Nutrition Facts
The Basics of Macronutrients
Why it’s important to understand macronutrients
If you understand macronutrients, you’ll have an easier time sorting through the various diet programs on the market and selecting the one that’s right for you.
What are macronutrients?
Macronutrients are the nutrients found in food that supply our bodies with calories or energy. Macro means large. A macronutrient is a nutrient that the body requires in large amounts. The energy absorbed through consumption of macronutrients fuels growth, metabolism and other body functions.
It is important to realize that no food by itself contains every nutrient the body requires for good health. Also, many different combinations of food can provide us with the proper mix of nutrients we need – and in the right amounts.
The core macronutrients
The foundation of a good diet is found in the three core macronutrients: carbohydrate, protein
- Carbohydrate: 4 calories/gram
- Protein: 4 calories/gram
- Fat: 9 calories/gram
Why is this useful to know?
If you’re in the supermarket trying to select a packaged product, you can look to the Nutrition Facts label to learn its macronutrient content. If the product has 10 grams of carbohydrate, 0 grams of fat, and 0 grams of protein per serving, that tells you eating a meal of the food will provide you with 40 calories. (Remember, carbohydrates have 4 calories per gram, so you multiply the 10 grams of carbohydrates by 4 calories for each gram)
In addition to carbohydrates, proteins, and fats, one other substance provides calories: alcohol. Alcohol supplies 7 calories per gram. While alcohol is a source of calories and energy, it is not a macronutrient because our bodies don’t require it to survive.
Let’s look more closely at the core macronutrients.
CARBOHYDRATES
We require carbohydrates in larger amounts than proteins or fats. The USDA’s Dietary Reference Intakes recommends that we get 45 to 65 percent of our calories from carbohydrates.

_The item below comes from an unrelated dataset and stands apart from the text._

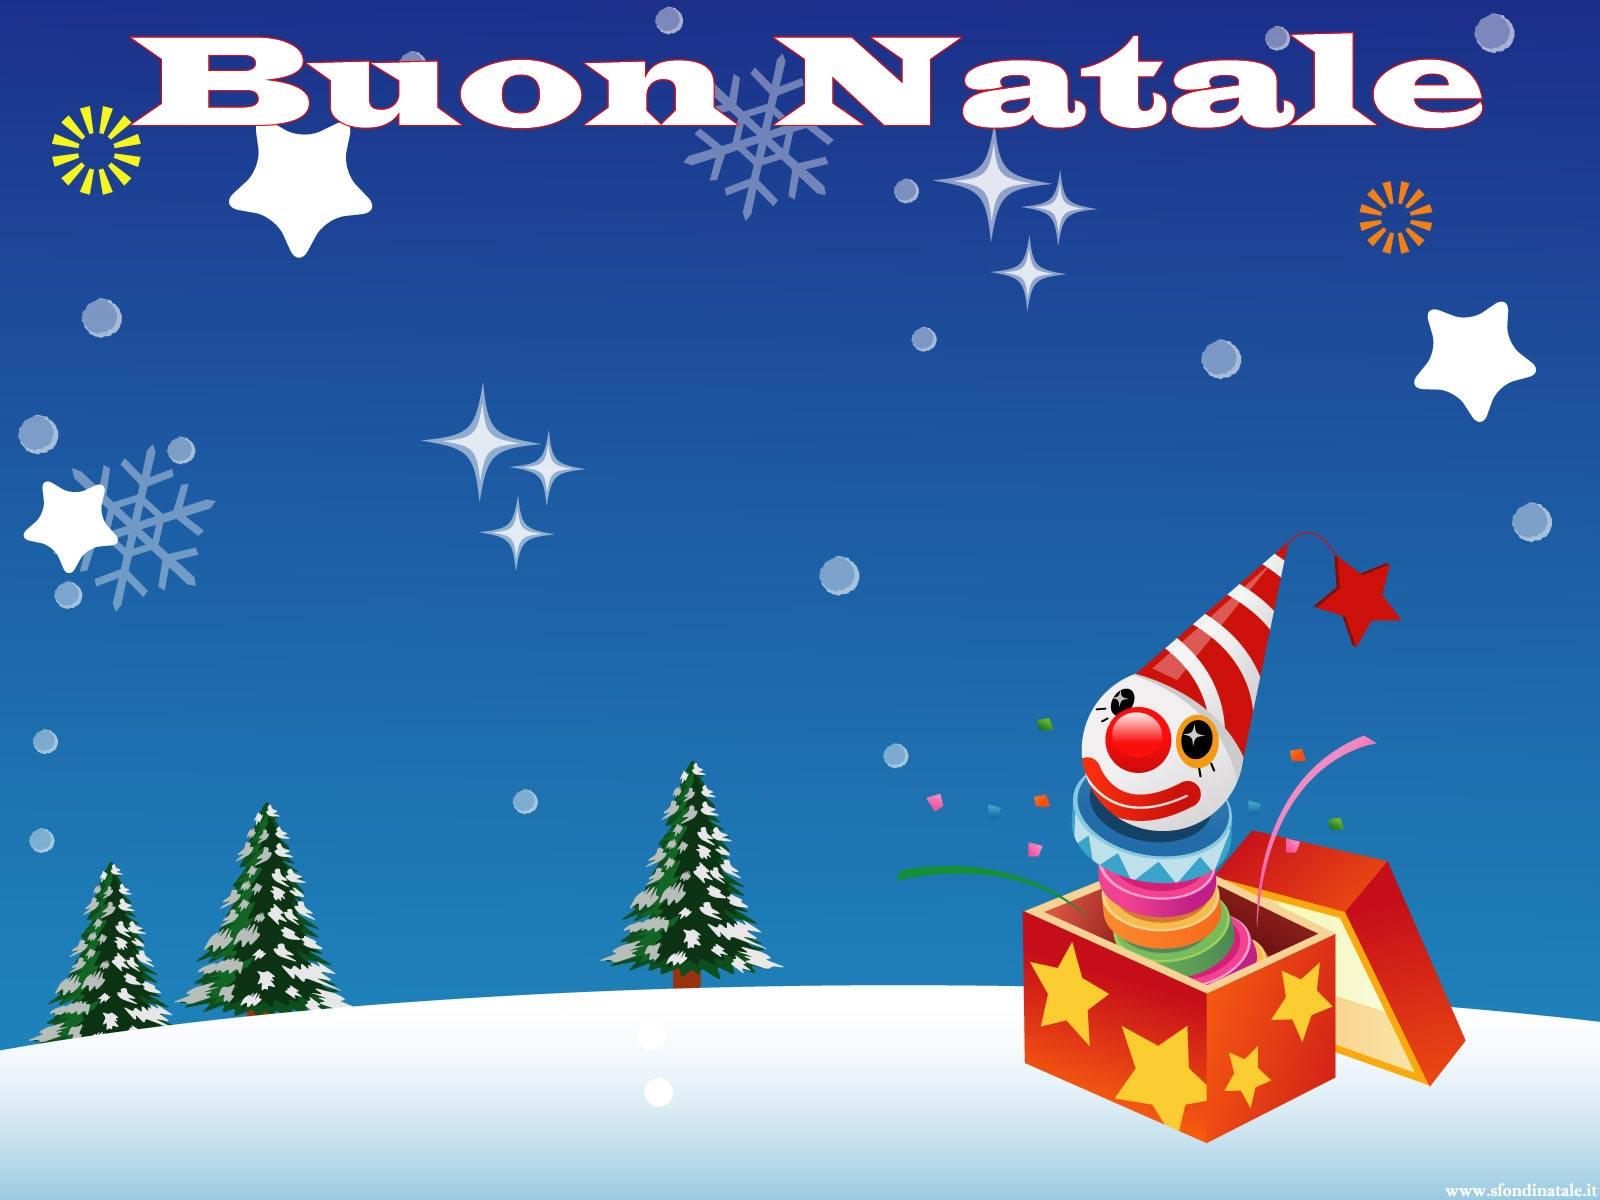 Sfondi Natale - Sfondo Desktop Natale regalo

Where carbohydrates are found
The primary source of carbohydrates is starchy foods (think grains and potatoes), fruits, milk, and yogurt. Carbohydrates are found in lesser amounts in vegetables, beans, nuts, seeds and cottage cheese contain carbohydrates.
Carbohydrates and fiber
Some foods contain carbohydrates that our digestive systems are unable to break down and absorb. Research has shown that diets high in fiber can help reduce obesity and cholesterol. Fruits, vegetables and whole grains are some of the foods that are high in fiber.
PROTEIN
The USDA’s Dietary Reference Intakes recommends that we get 10 to 35 percent of our calories from protein. The body uses protein for a number of purposes, including growth and tissue repair. When carbohydrate is unavailable, it will use protein for energy.
Where proteins are found
Foods that supply protein include meats, poultry, fish, meat substitutes, cheese, milk, nuts and legumes. Starchy foods and vegetables supply proteins in smaller amounts.
FAT
The USDA’s Dietary Reference Intakes recommends that we get 20 to 35 percent of our calories from fat. People concerned about their weight should rightly be wary about the amount of fat they consume, but some fat is necessary for survival. Of all the energy sources available to our bodies, fat is the most concentrated. If you eat a lot of fat, you are more likely to gain weight than if you eat a lot of carbohydrate or protein
Where fats are found
Foods that supply fat include meat, poultry, nuts, milk products, butters and margarines, oils, lard, fish, grain products and salad dressings.
Three main kinds of dietary fat
It is helpful to know the main dietary fat types. They are: Saturated fat, unsaturated fat and trans fat.
Saturated fat is associated with raised blood cholesterol levels. Food especially high in saturated fat includes butter, margarine, meat and dairy products.
Unsaturated fat is typically found in liquid form. Unlike saturated fat, unsaturated fat does not raise blood cholesterol levels. Canola and olive oil have the highest percentage of monounsaturated fat compared with other cooking oils. Safflower and corn oil have the highest percentage of polyunsaturated fat.
Trans fats are unsaturated fats (oils) that have been artificially hydrogenated (hydrogen molecules are added to the fatty acid chains) to make them solid in texture, much like saturated fats. Food manufacturers do this because trans fats provide more satisfactory cooking results and have an appealing mouth feel. Unfortunately, the body recognizes trans fats as a saturated fats, so they contribute to raised cholesterol levels and heart disease.
Some research has shown that replacing saturated and trans fats with monounsaturated fats can promote weight loss. The British Journal of Nutrition has published two studies on the subject, found here and here.
Don’t forget about water and micronutrients
Macronutrients are nutrients required in large amounts to supply the body with calories and energy. But the body also needs other things for survival. It needs water in large amounts (6-8 glasses daily) and it needs micronutrients, which are nutrients required in smaller amounts. Micronutrients include the vitamins and minerals the body uses to produce enzymes, hormones and other substances essential for proper growth and development.